Tuesday, April 5, 2016

Double Bonds, Triple Bonds

Double bonds?  If bonds form from unpaired orbits then parallel double bonds are impossible.  In the case of \(C\), Carbon we first form a stable \(C_2\),


which is just like the \(Ne\), Neon element.  From this we can obtain a ethene, \(C_2H_4\) by unpairing two paired to obtain four unpaired orbits.  To each of these unpaired orbits, a hydrogen atom is bonded to it.  We can image that the horizontal bond that constitute part of the double bond being stretched when the two \(C\) nuclei cannot be concentric, and the vertical bond not effecting the spacial arrangement of the two bonded Hydrogen atoms on each side.  As far as a single \(C\) nucleus is concerned three bonds (a double bond and two bonds with hydrogen) around it distribute themselves coplanar separated by \(120^o\).

This suggests a stronger double bond than a pair of single bonds filling the adjacent vertices of a tetrahedron being twisted into a parallel double bonds.

But why stop at double,


This also suggests a much stronger and stable triple bonds than three twisted single bonds from the corners of a tetrahedron.  A single paired orbit is unpaired and one hydrogen atom bonds with each unpaired orbit.  The resulting structure is linear.

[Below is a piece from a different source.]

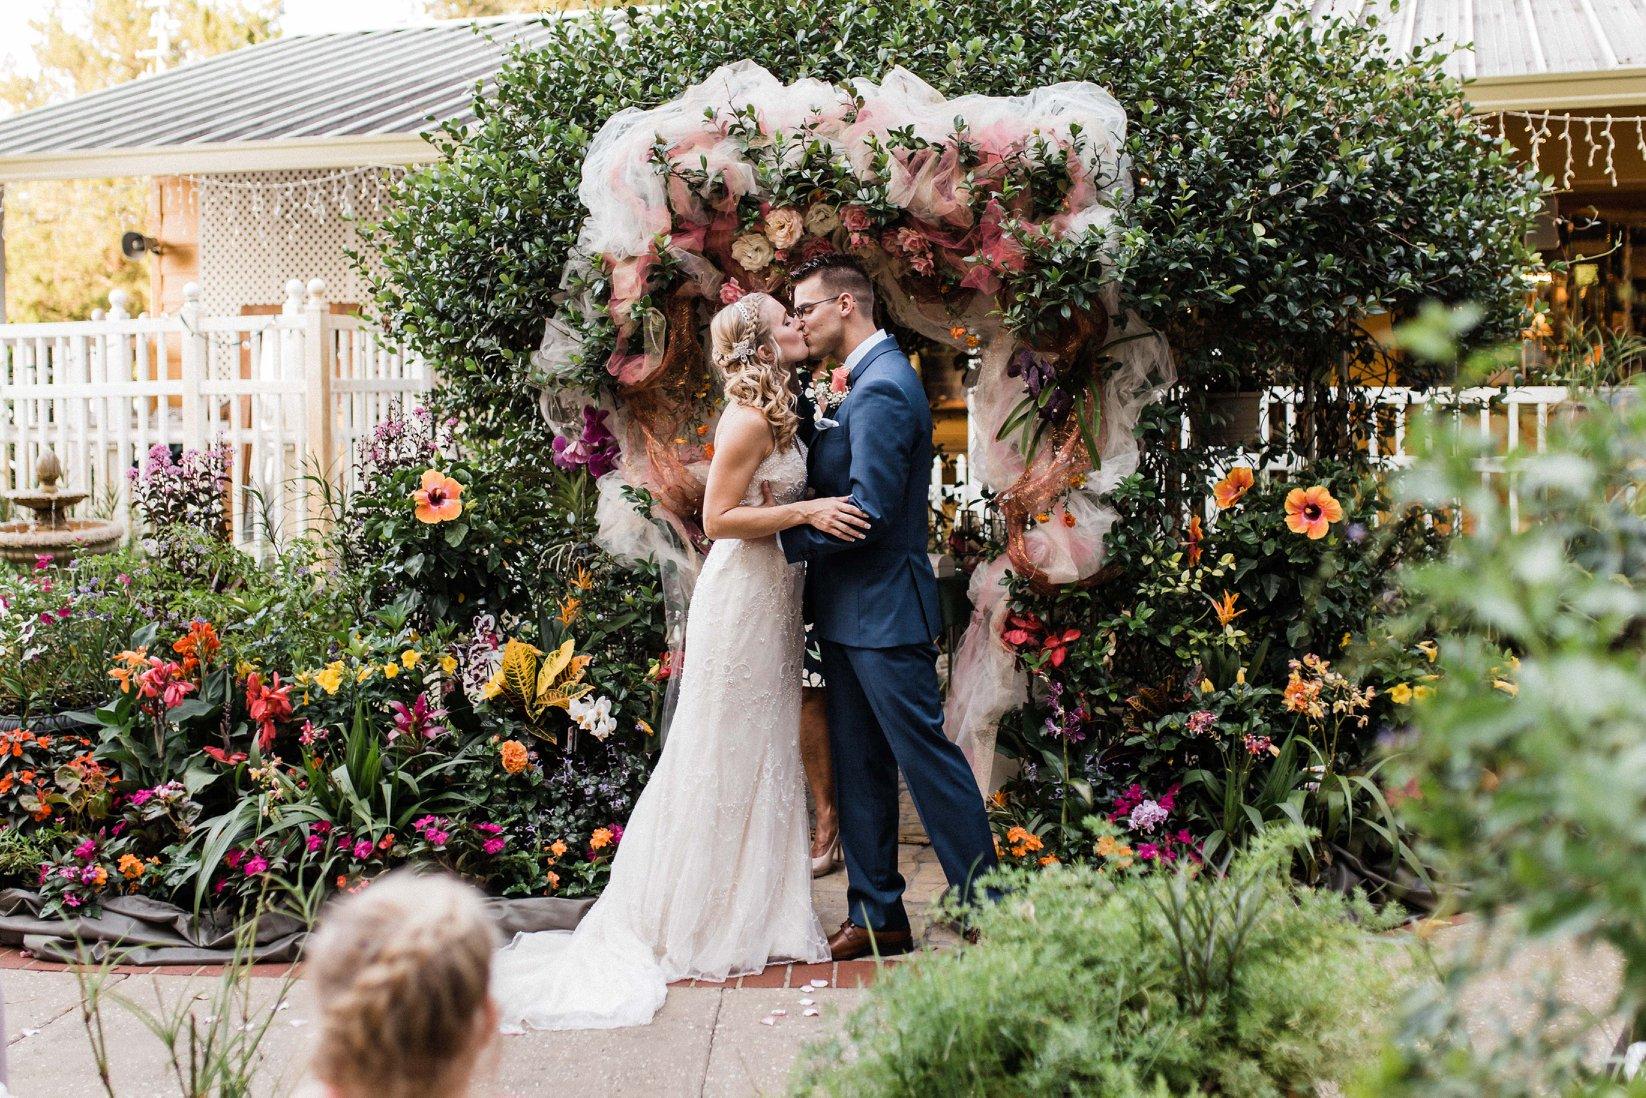 Hanes-wedding-Capricci-garden_gazebo.jpg

The new interpretation of Quantum Numbers gives flexibility to bond formation as the number of orbits around a nucleus can be reduced by reducing \(n\).  The remaining orbits are unpaired to provide for the number of radicals around the molecules.

For once not twisted!  And among those paired, double and triple bonds, democracy! All equal.  No need for Hybridization.